▶ **What the exercise asks**: For this exercise, return all the data word for word, with images left out.

═══ Input records

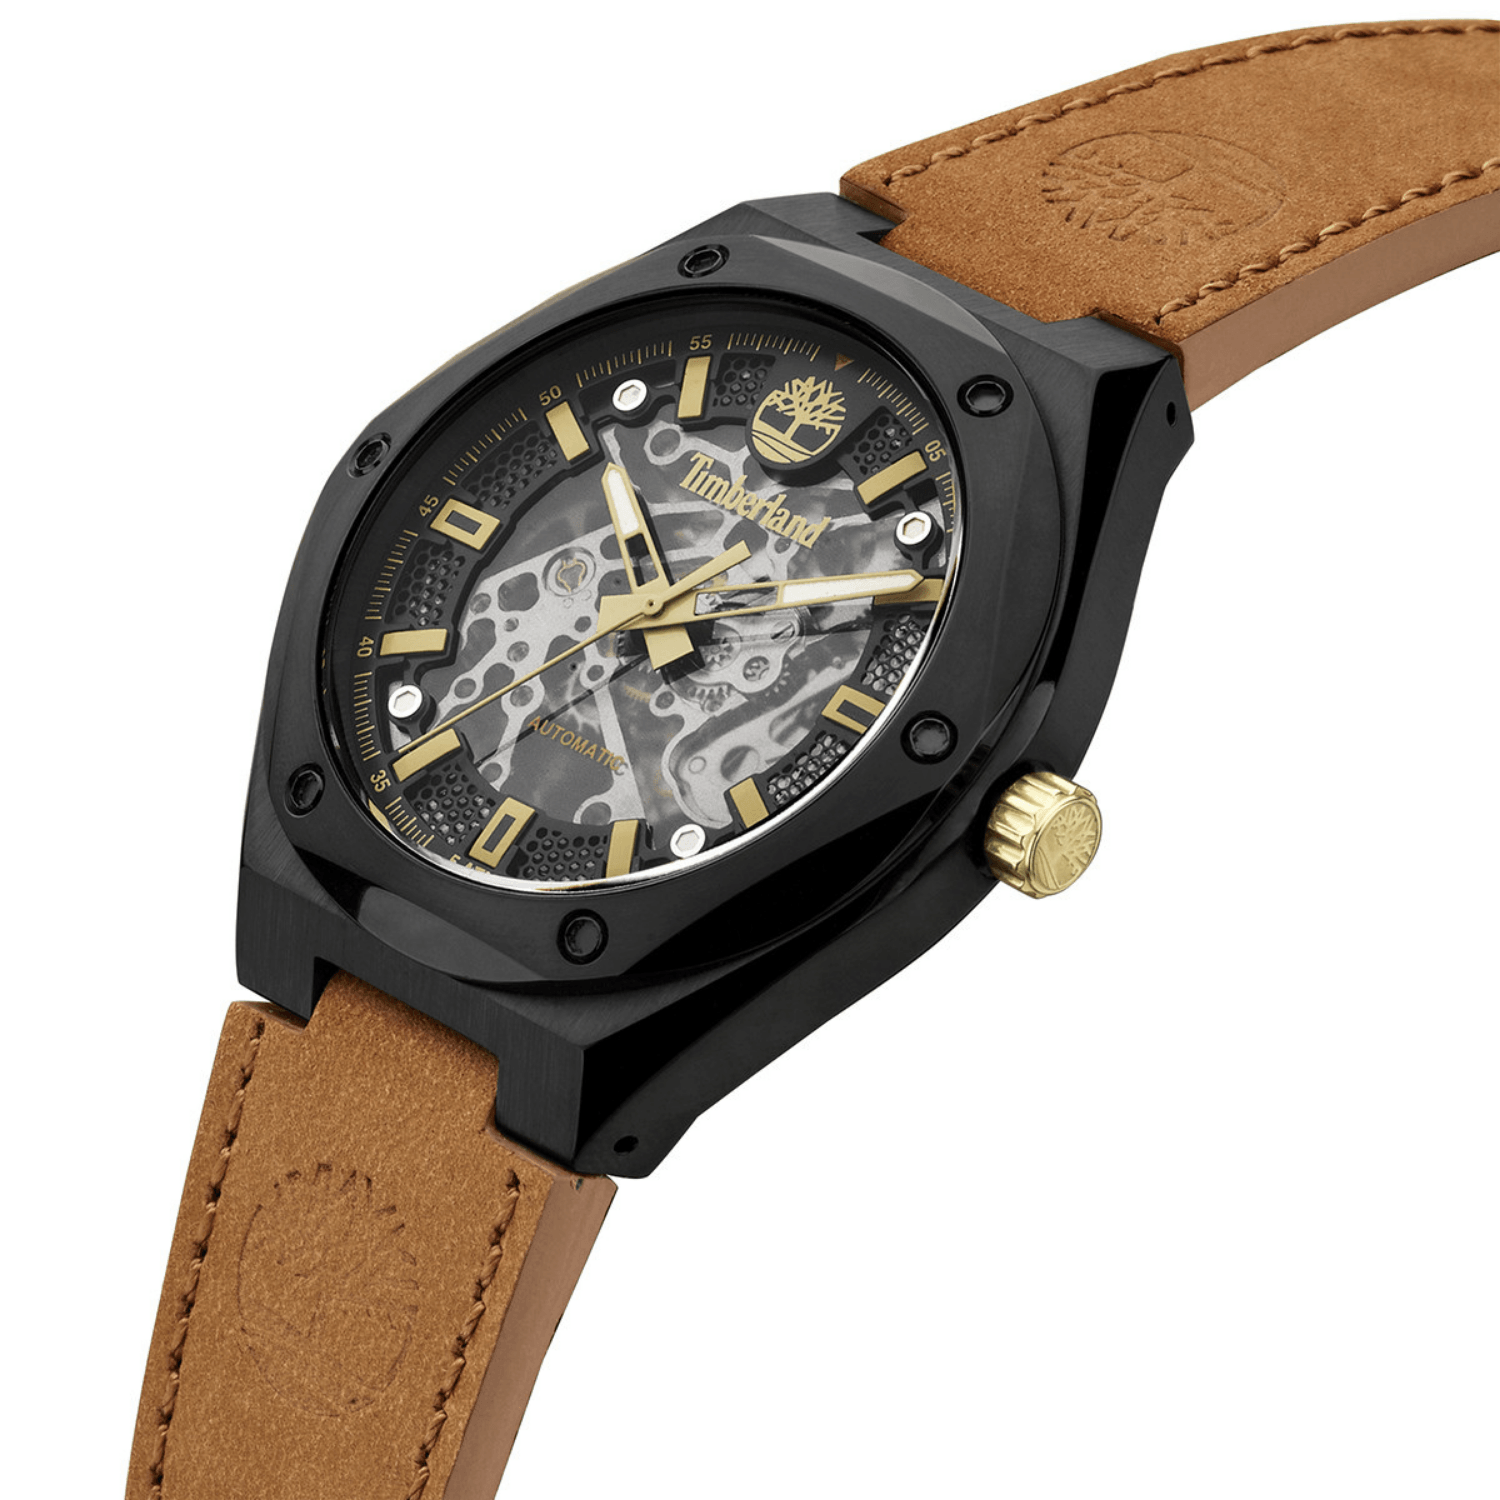 Αυτόματο ρολόι Timberland Alburgh TDWGE2101201 με ταμπά δερμάτινο λουράκι και μαύρο καντράν διαμέτρου 44mm.
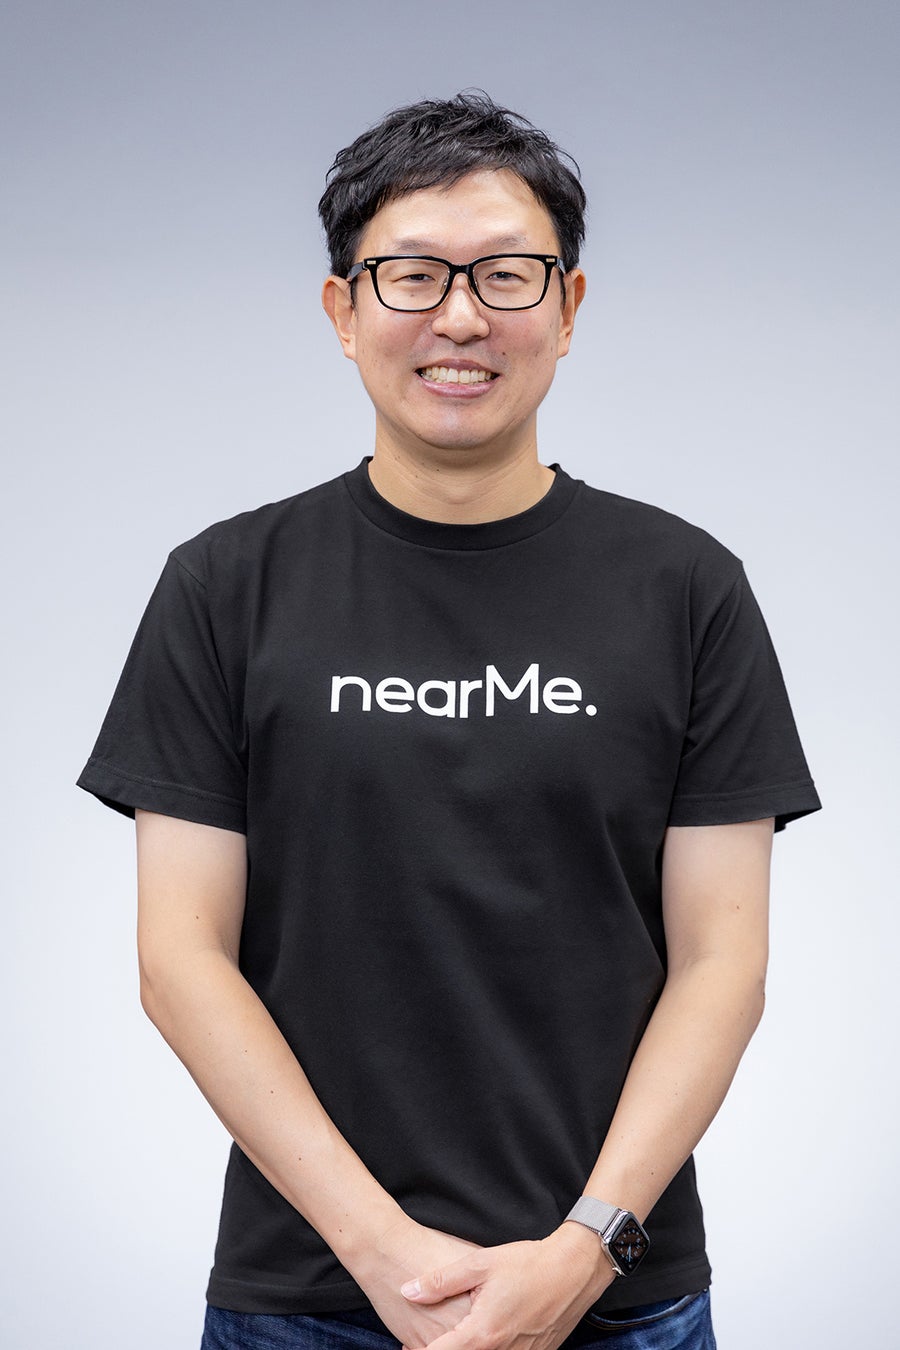 NearMe、シリーズBラウンドとして約13億円を資金調達のサブ画像10
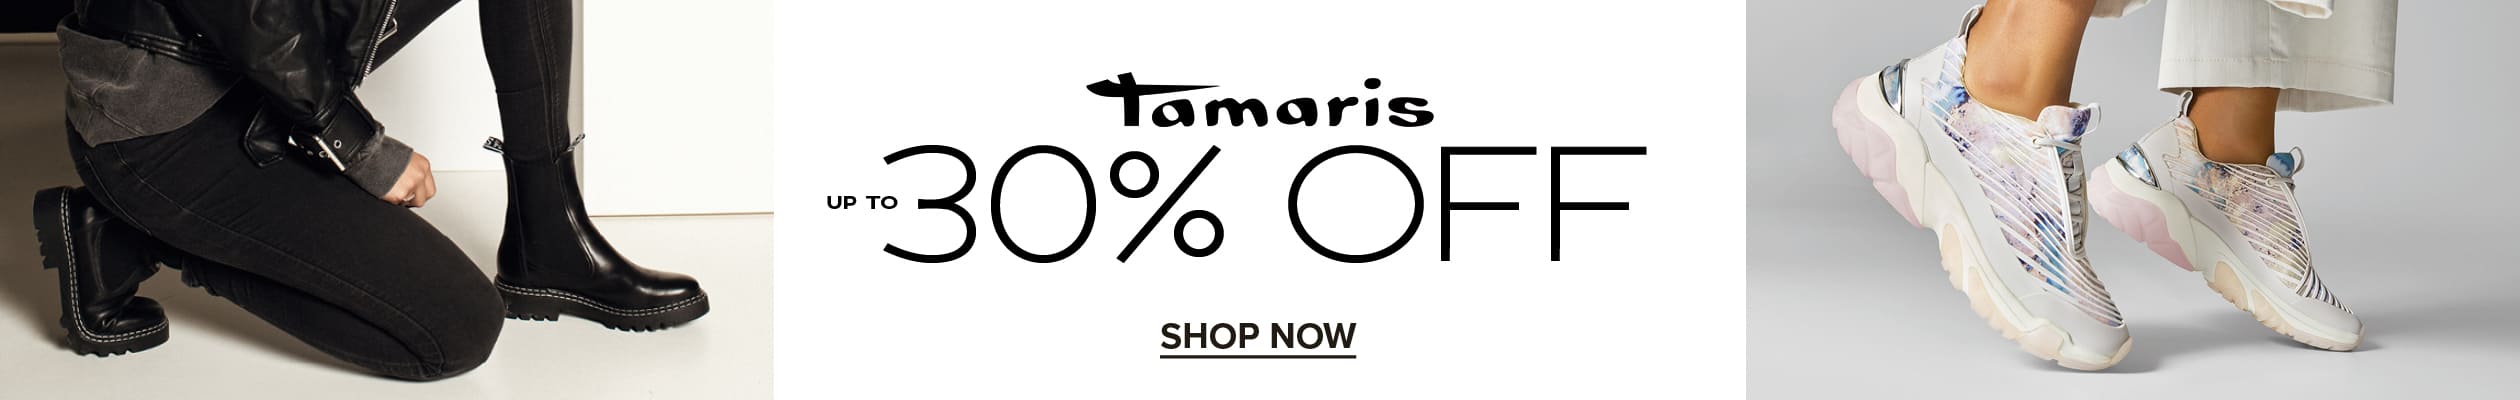 Tamaris 30%
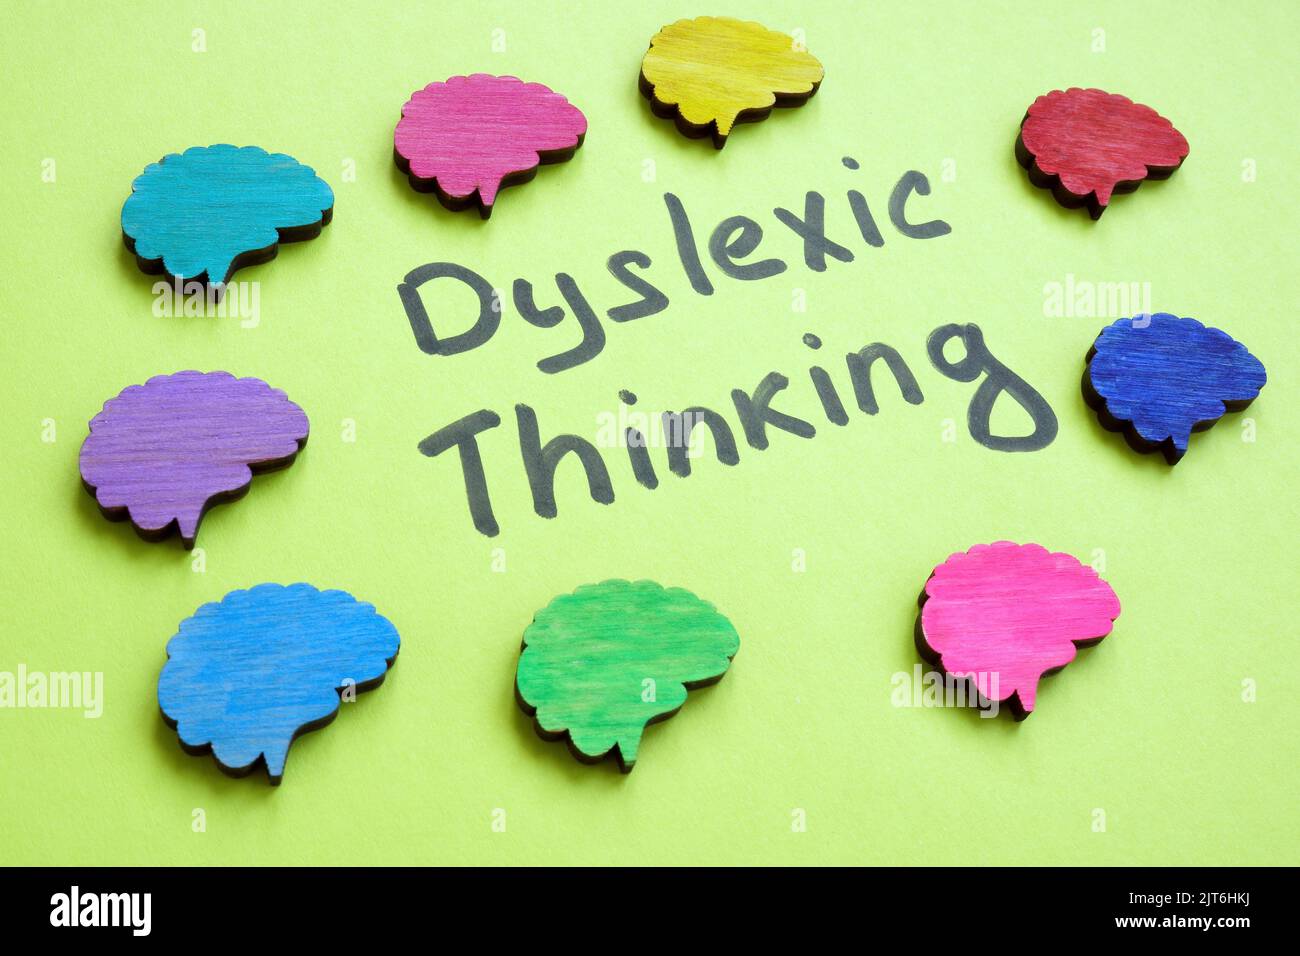 Dylexisches Denken ist ein Zeichen und bunte Gehirne um sich herum. Stockfoto
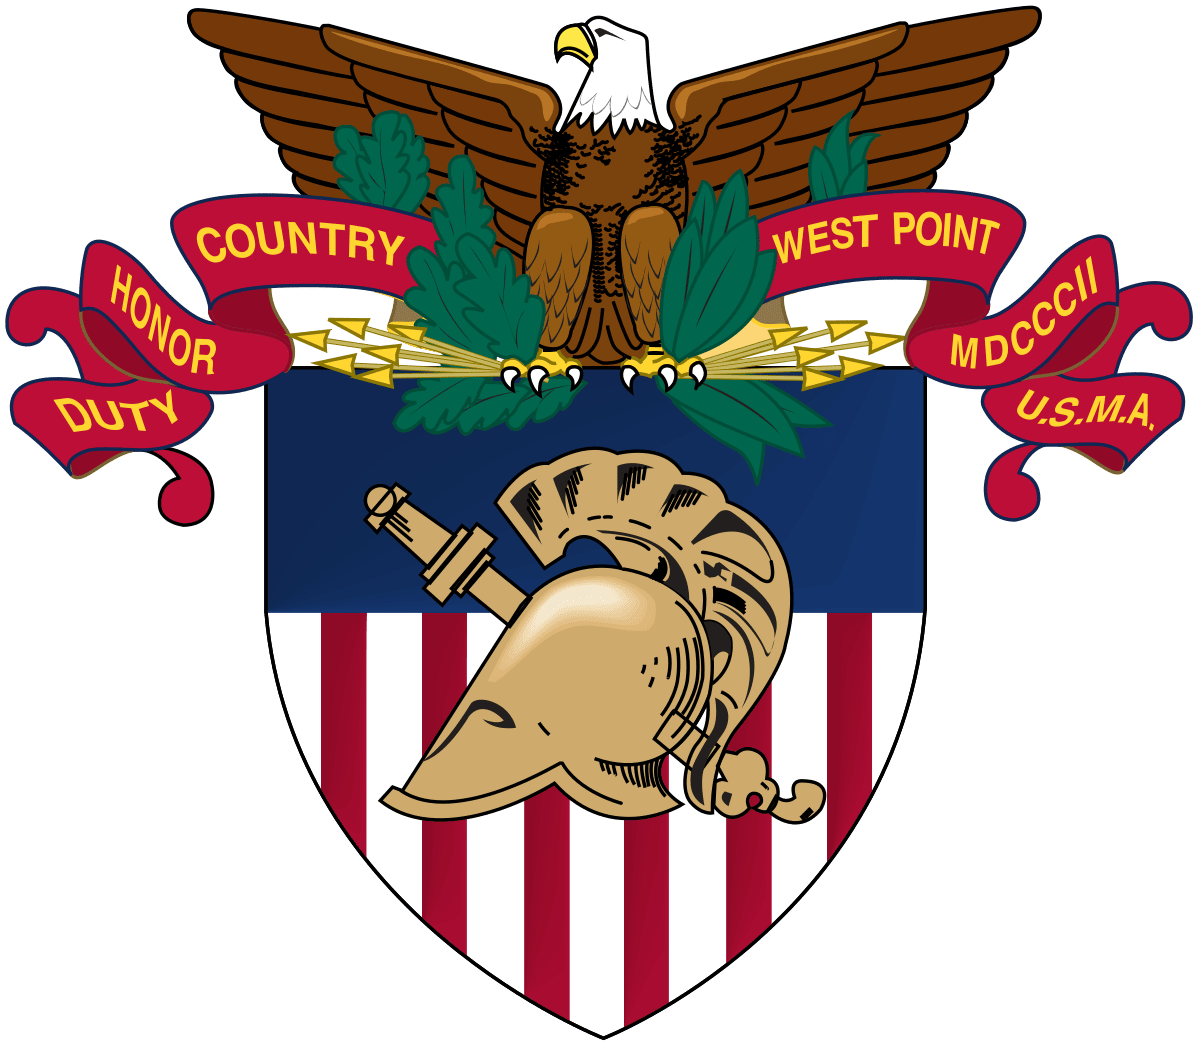 United States Marine Academy
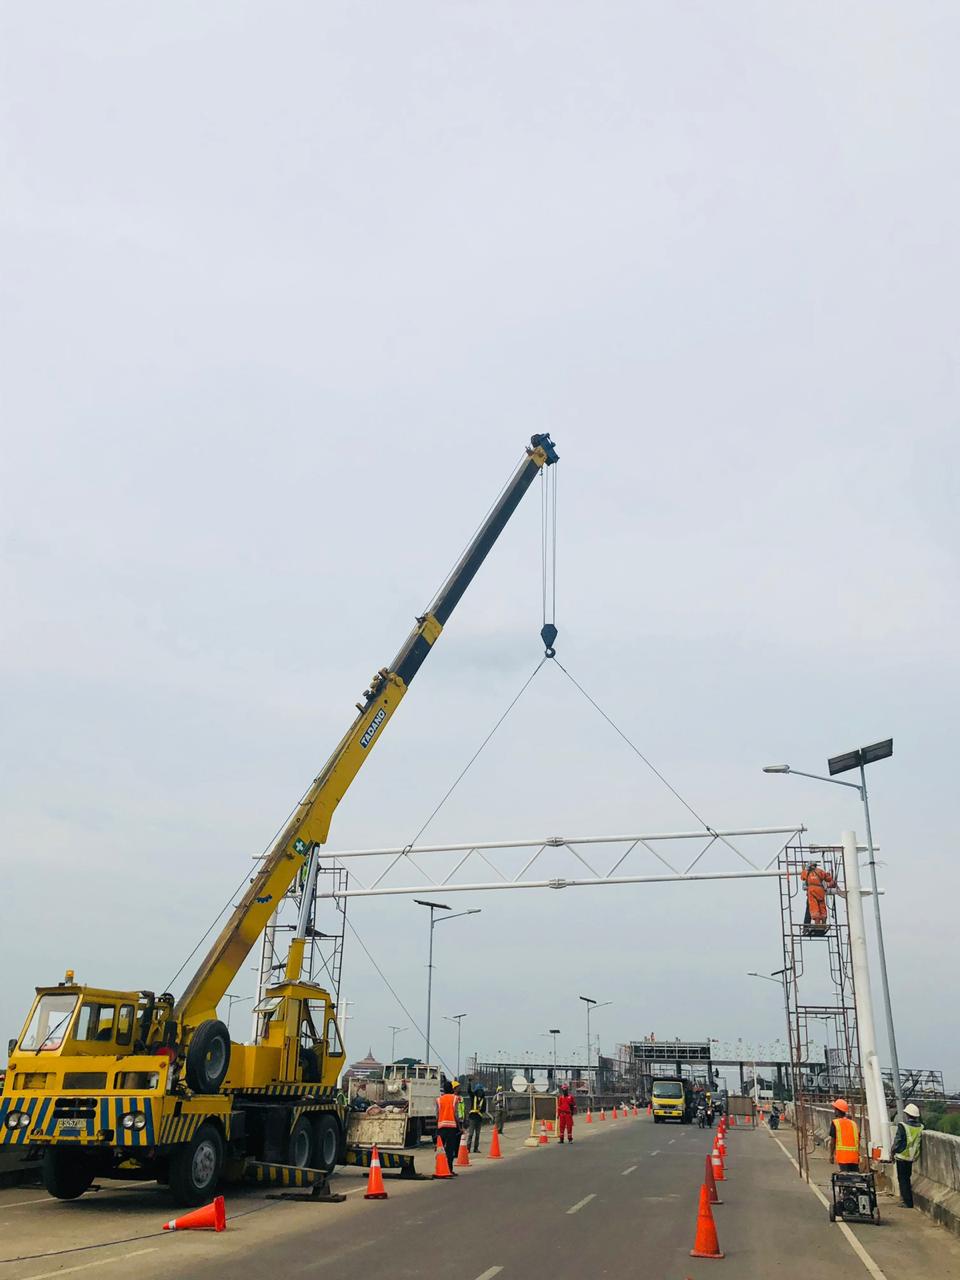 Rental Crane Semarang, Rental Crane Semarang, Sewa Crane Semarang, Persewaan Crane Semarang

══════

▶ **Written response**:
 Αυτόματο ρολόι Timberland Alburgh TDWGE2101201 με ταμπά δερμάτινο λουράκι και μαύρο καντράν διαμέτρου 44mm.
 NearMe、シリーズBラウンドとして約13億円を資金調達のサブ画像10
 Tamaris 30%
 Dylexisches Denken ist ein Zeichen und bunte Gehirne um sich herum. Stockfoto
 United States Marine Academy
 Rental Crane Semarang, Rental Crane Semarang, Sewa Crane Semarang, Persewaan Crane Semarang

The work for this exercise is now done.